- **Your goal**: Locate the line that contains "Soldiers move an" in the entries below, then repeat it and every following line through the line that contains "Photograph courtesy of", exactly, and no others.

[Material shown Boundary: Start]

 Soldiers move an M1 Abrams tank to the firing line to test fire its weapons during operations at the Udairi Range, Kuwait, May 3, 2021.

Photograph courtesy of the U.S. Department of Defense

[Material shown Boundary: End]
[Material shown Boundary: Start]

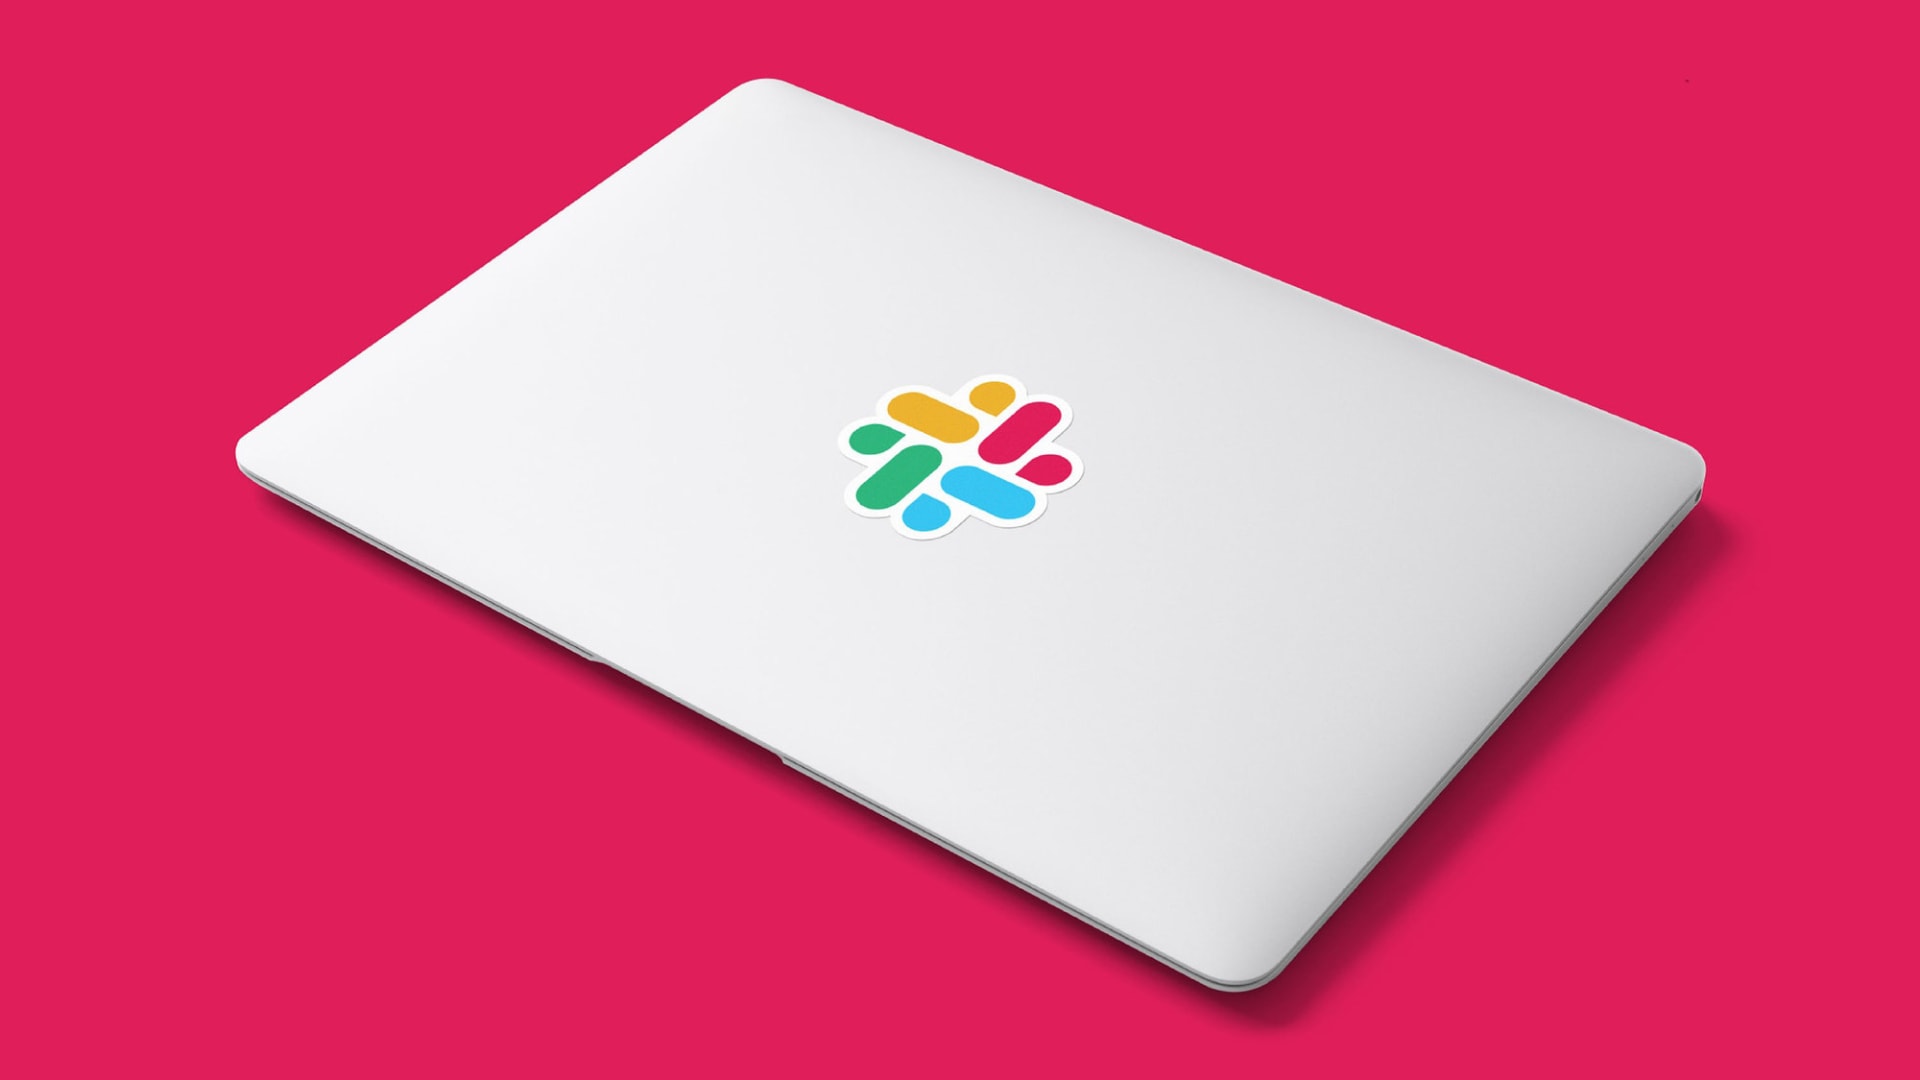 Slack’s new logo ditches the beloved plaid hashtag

[Material shown Boundary: End]

- **Written answer**:
 Soldiers move an M1 Abrams tank to the firing line to test fire its weapons during operations at the Udairi Range, Kuwait, May 3, 2021.

Photograph courtesy of the U.S. Department of Defense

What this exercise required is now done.